• Data extract:
########
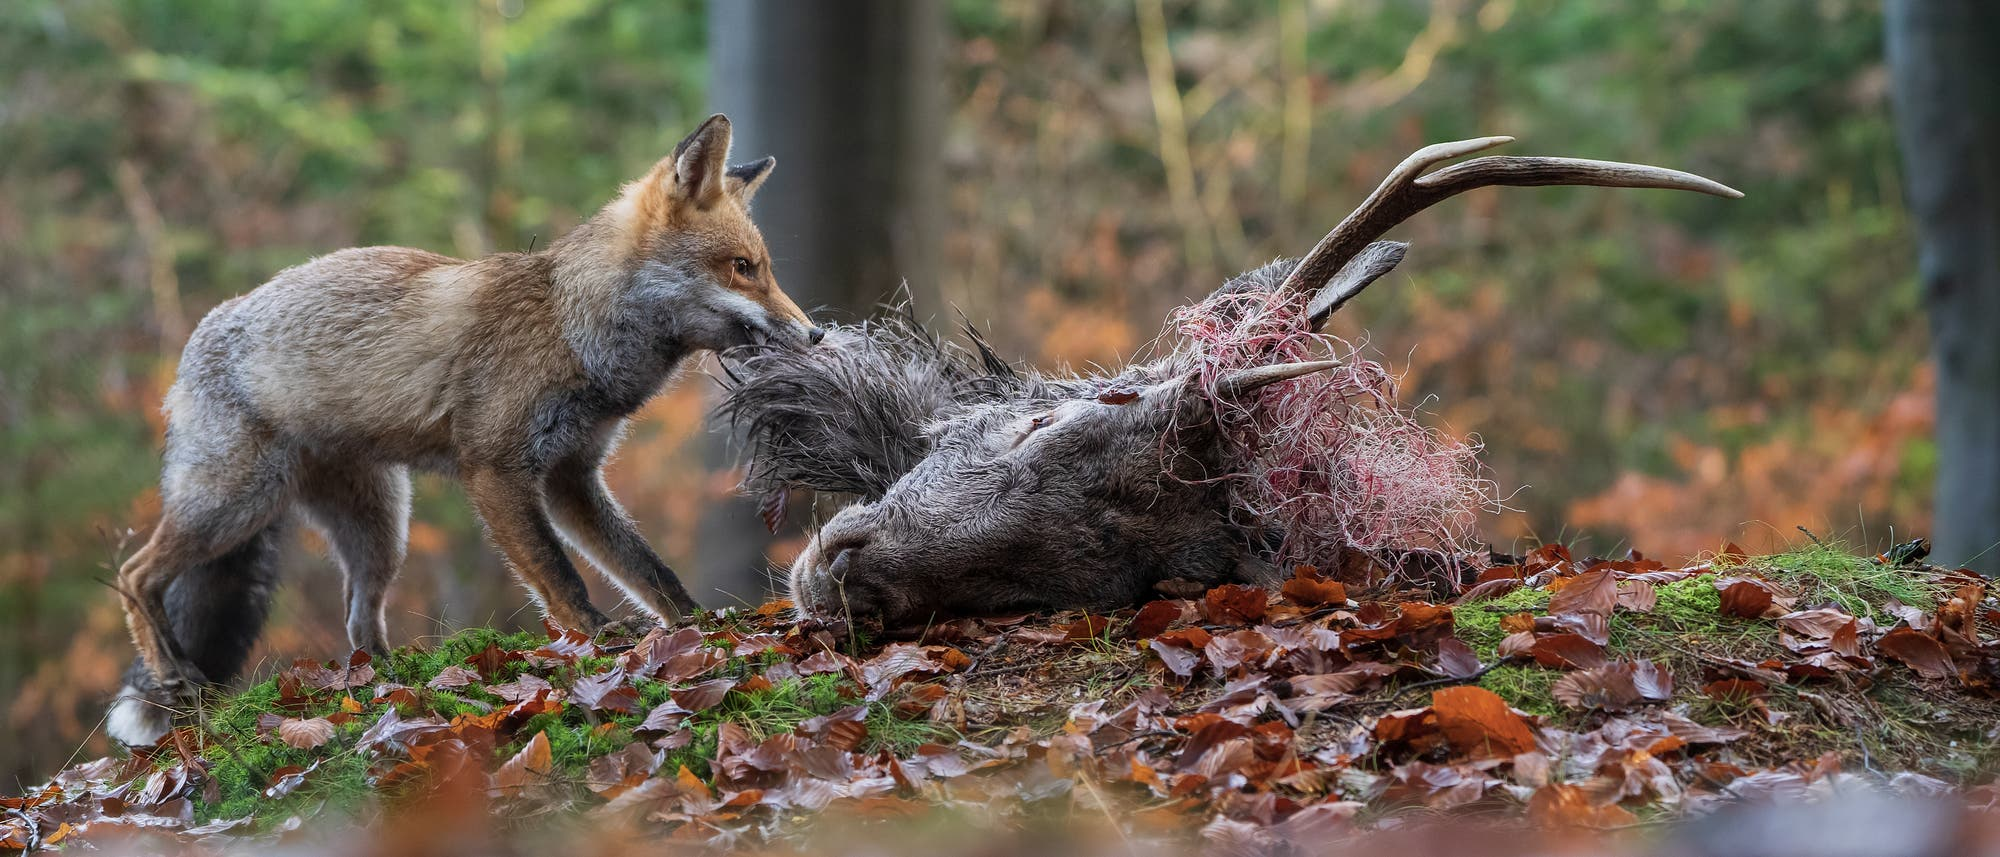 Fuchs frisst toten Rehbock
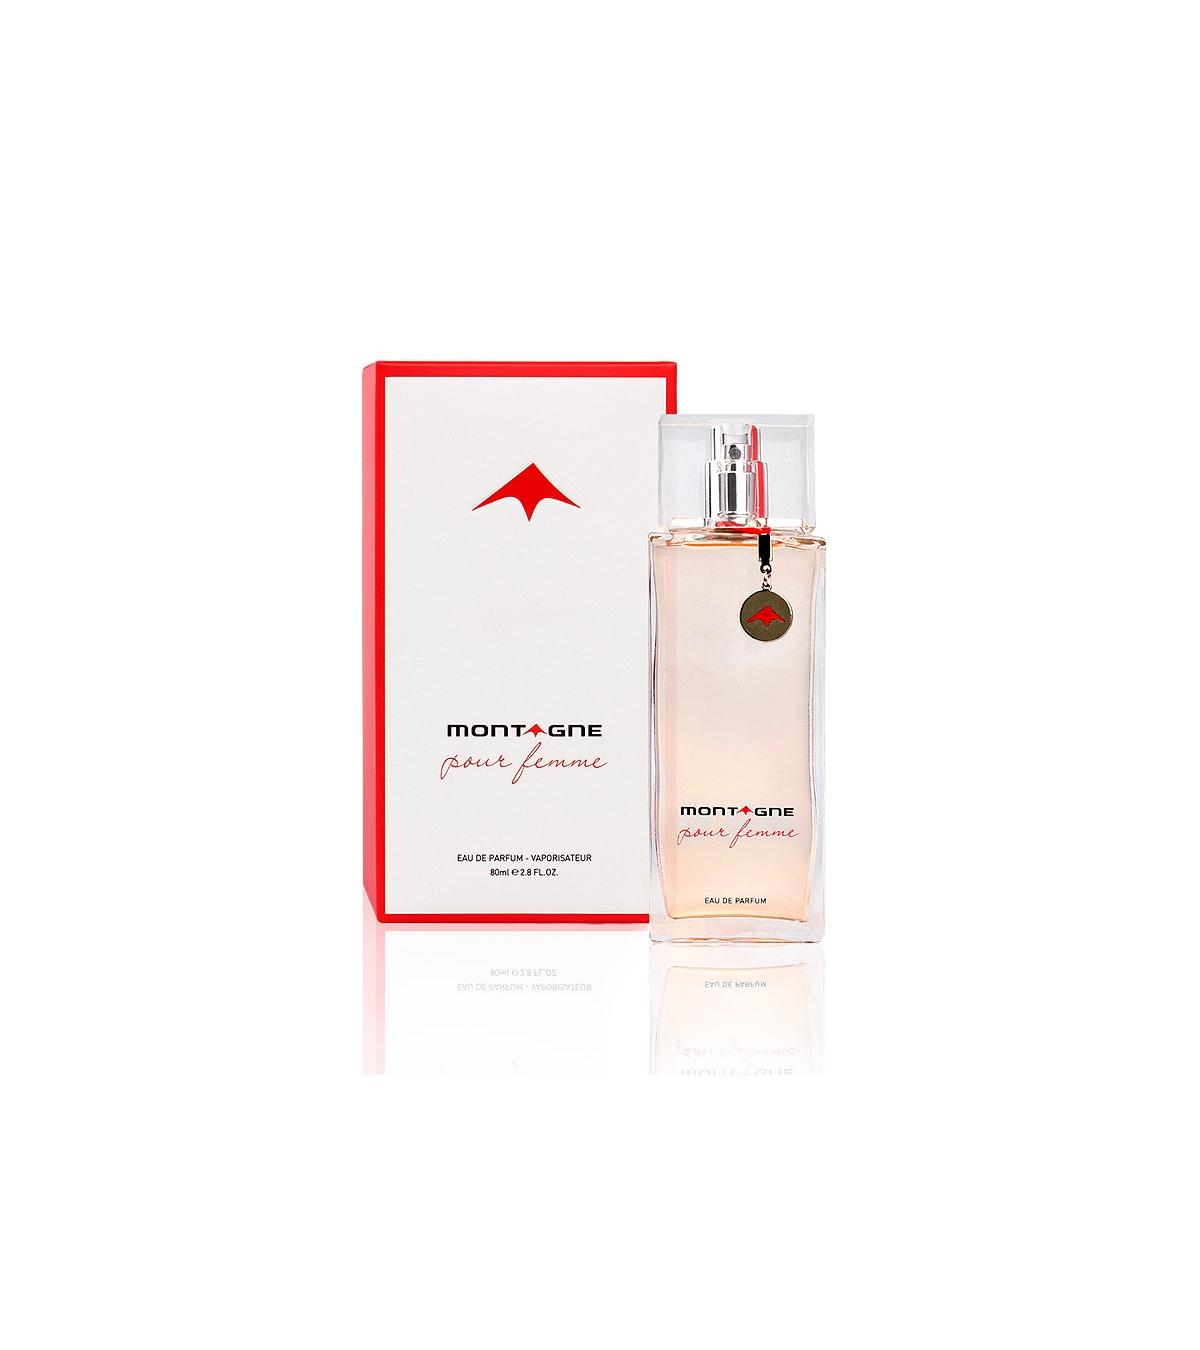 Perfume de mujer Montagne 55 ml
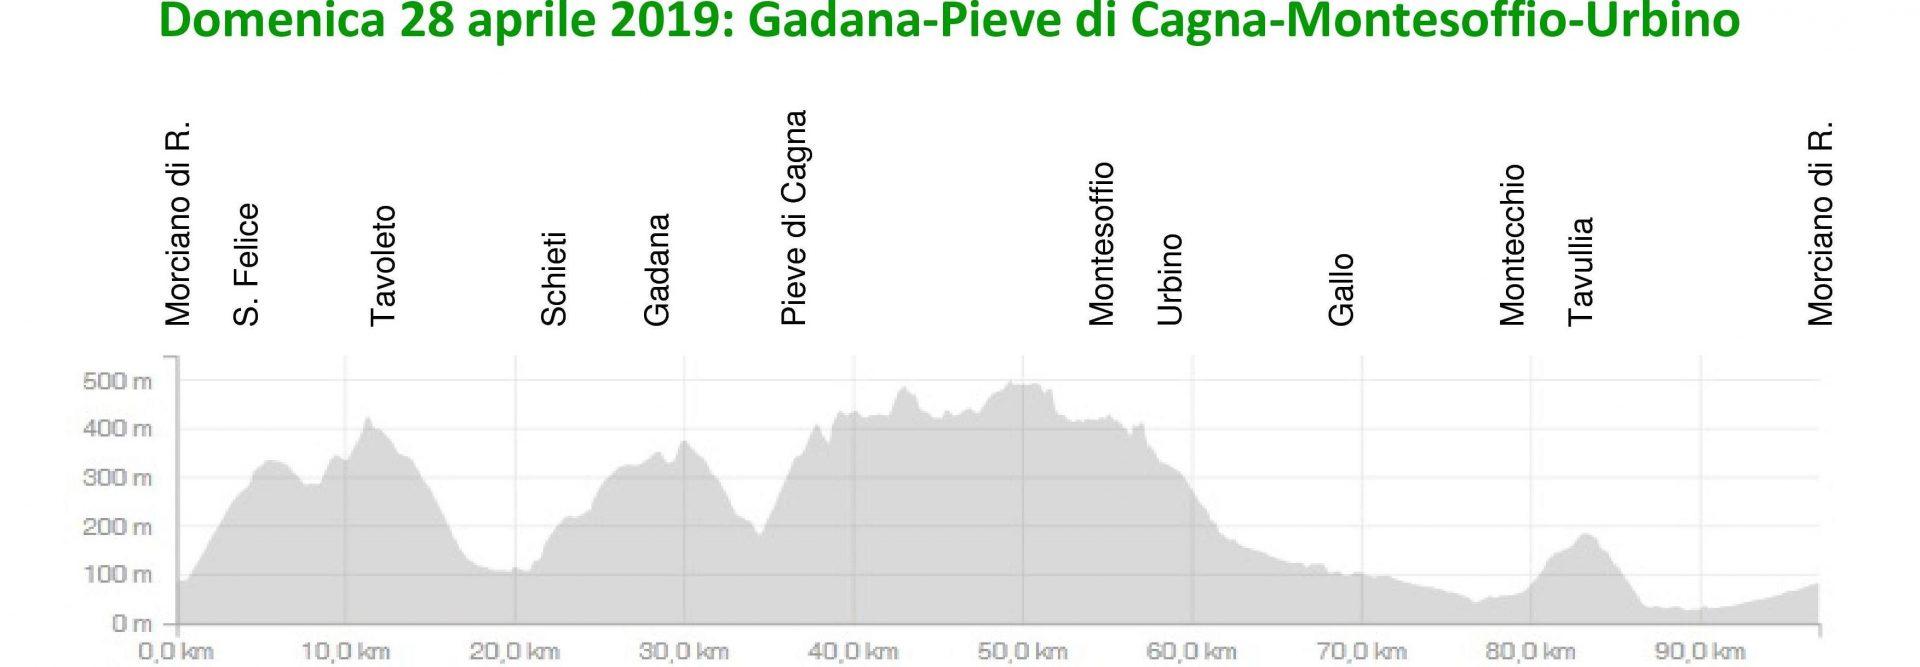 Domenica 28-apr-2019 Gadana Pieve di Cagna
########
All of the lines above should be retyped precisely, apart from the pictures.

 Fuchs frisst toten Rehbock
 Perfume de mujer Montagne 55 ml
 Domenica 28-apr-2019 Gadana Pieve di Cagna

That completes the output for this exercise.